В тот момент, когда Цыпин, никем больше не принуждаемый, шагнул за лагерное ограждение, он ощутил странное чувство свободы. Медленно, медленно он делал первые шаги по вольной, по каменистой земле и увидел зеленые травинки, пробившиеся сквозь нее, и среди трав — вот же чудо! — три желтых мохнатых цветка мать-и-мачехи на высоких стеблях. Цыпин сел на землю и погладил ладонью листья этого кустика, словно принесенного ветром с берега речки Саволы, что на его родной Тамбовщине, — листья зеленые сверху и белые, пушистые снизу.
А вокруг — разноязыкий говор, и смех, и звуки губных гармошек. Смешались, растеклись за воротами, а уже и ворота распахнуты, а часовых с вышек ветром сдуло. И в одной, другой группке уже тянут из принесенных норвежцами фляжек здешнюю водку, и наши орут: «За победу!», а норвеги в ответ: «Скол!»

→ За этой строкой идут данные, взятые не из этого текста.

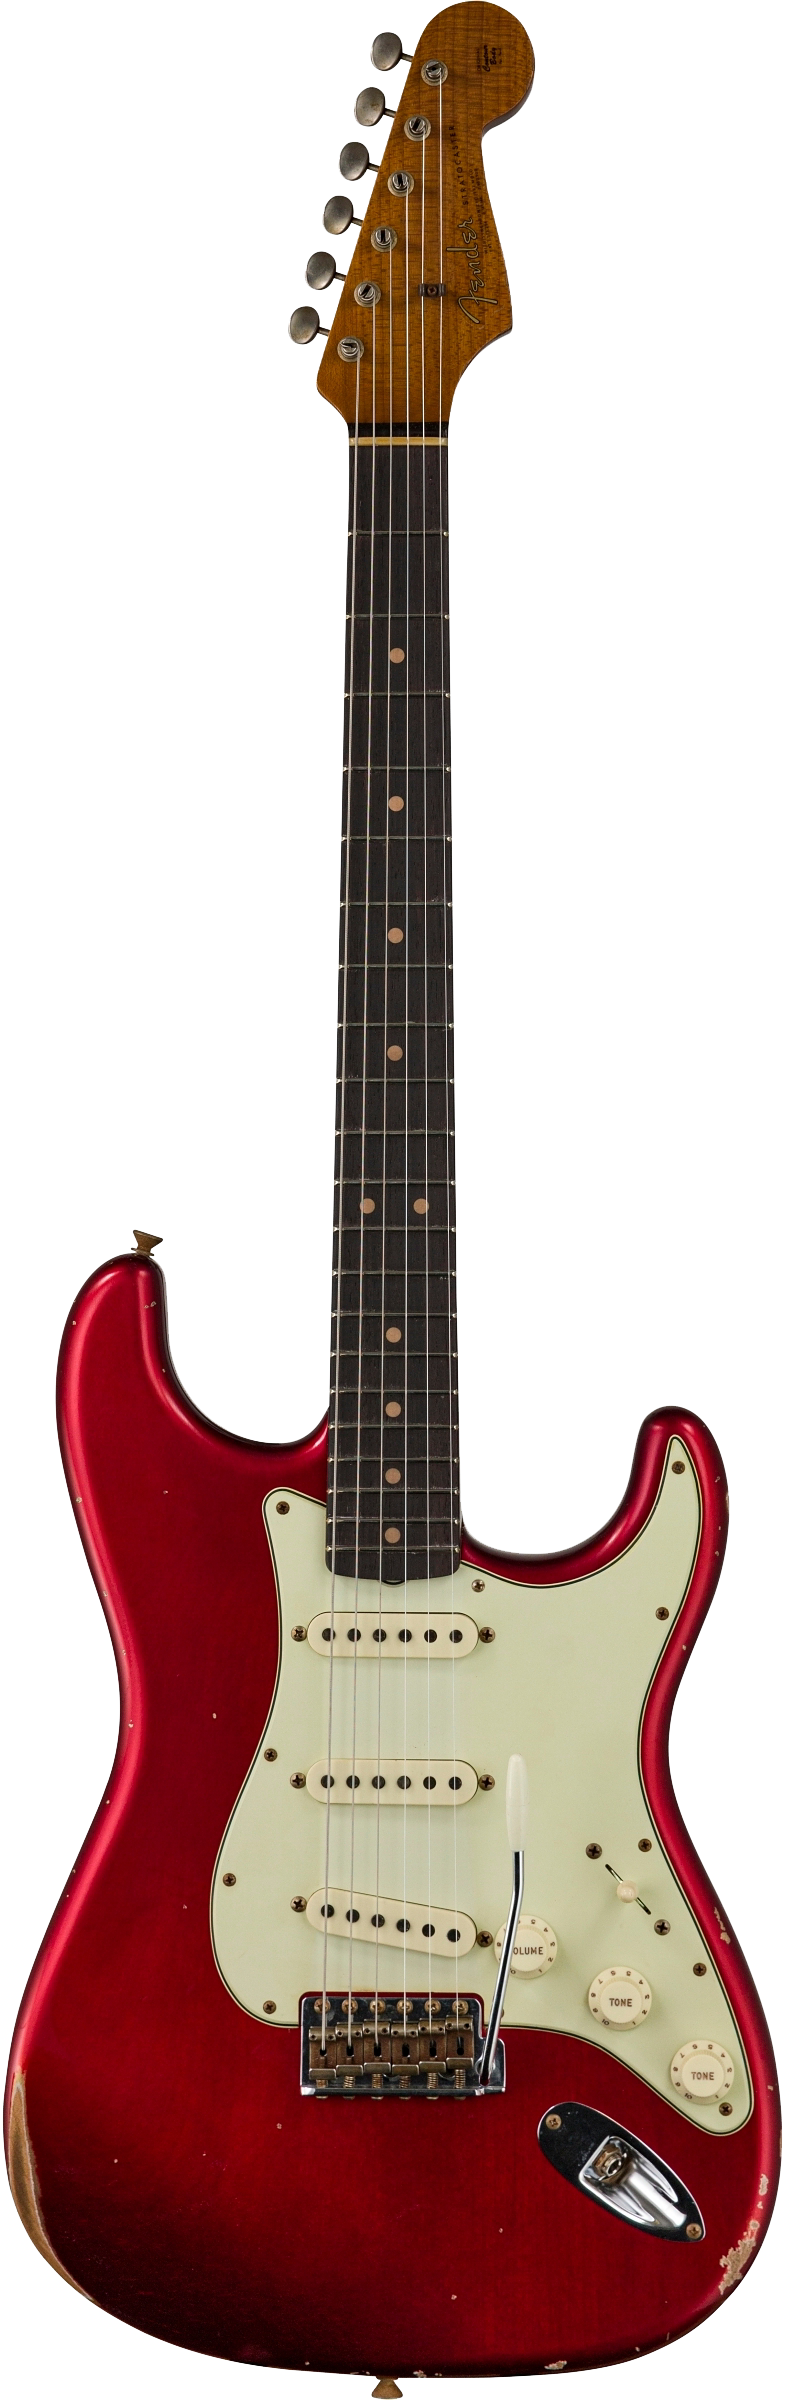 Fender Custom Shop Limited Edition 63 Strat Relic Aged Candy Apple 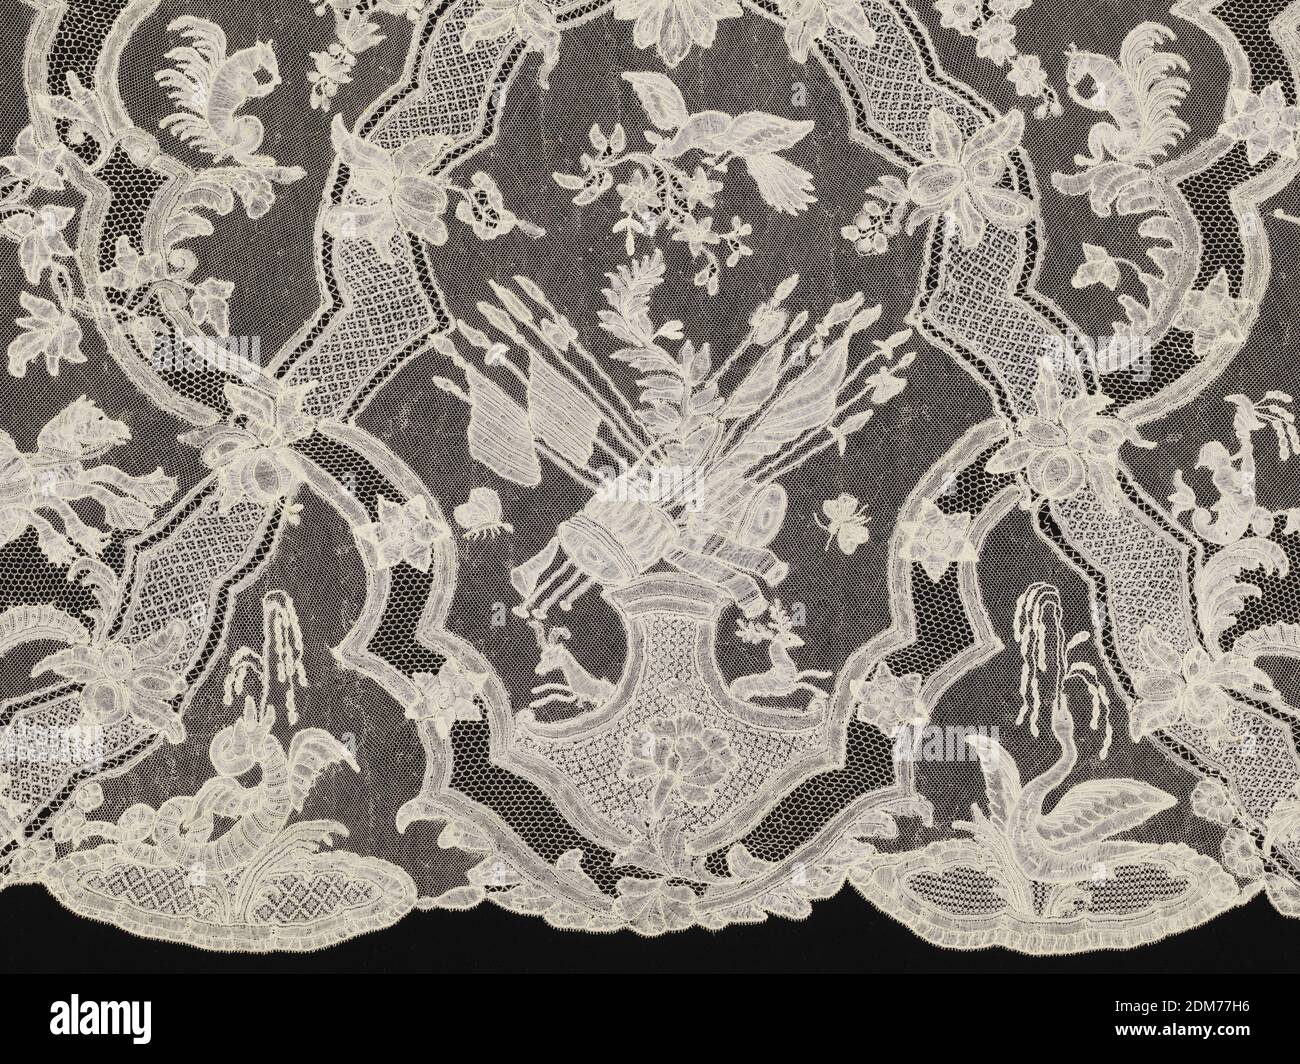 Flounce, Medium: linen Technique: Brussels style bobbin lace, Section of a wide flounce with a design of curving garlands that alternates with a symmetrical framing element. Neptune with a trident alternates with a group of heraldic banners with field drums., Belgium, 1745–65, lace, Flounce Stock Photo

Первые дни свободы — как пестрый радостный сон.
В маленьком вагоне трамвая Цыпин с Кузьминым ехали по улицам Тронхейма. Им улыбались, дружелюбно пожимали руки. И всюду на улицах флаги Норвегии — положенный набок синий, окаймленный белым крест на красном поле. На одной из центральных улиц — Конгенсгаде — они сошли с трамвая. Глазея на витрины магазинов — а там чего только нет, вот же живут люди! — вышли на площадь Торвег. Ничего не скажешь, красиво тут, старинные, красные с желтым, дома, а вон фонтан, а там норвеги толпятся, кричат — что еще деется у них? Такие вроде спокойные люди, а вот же…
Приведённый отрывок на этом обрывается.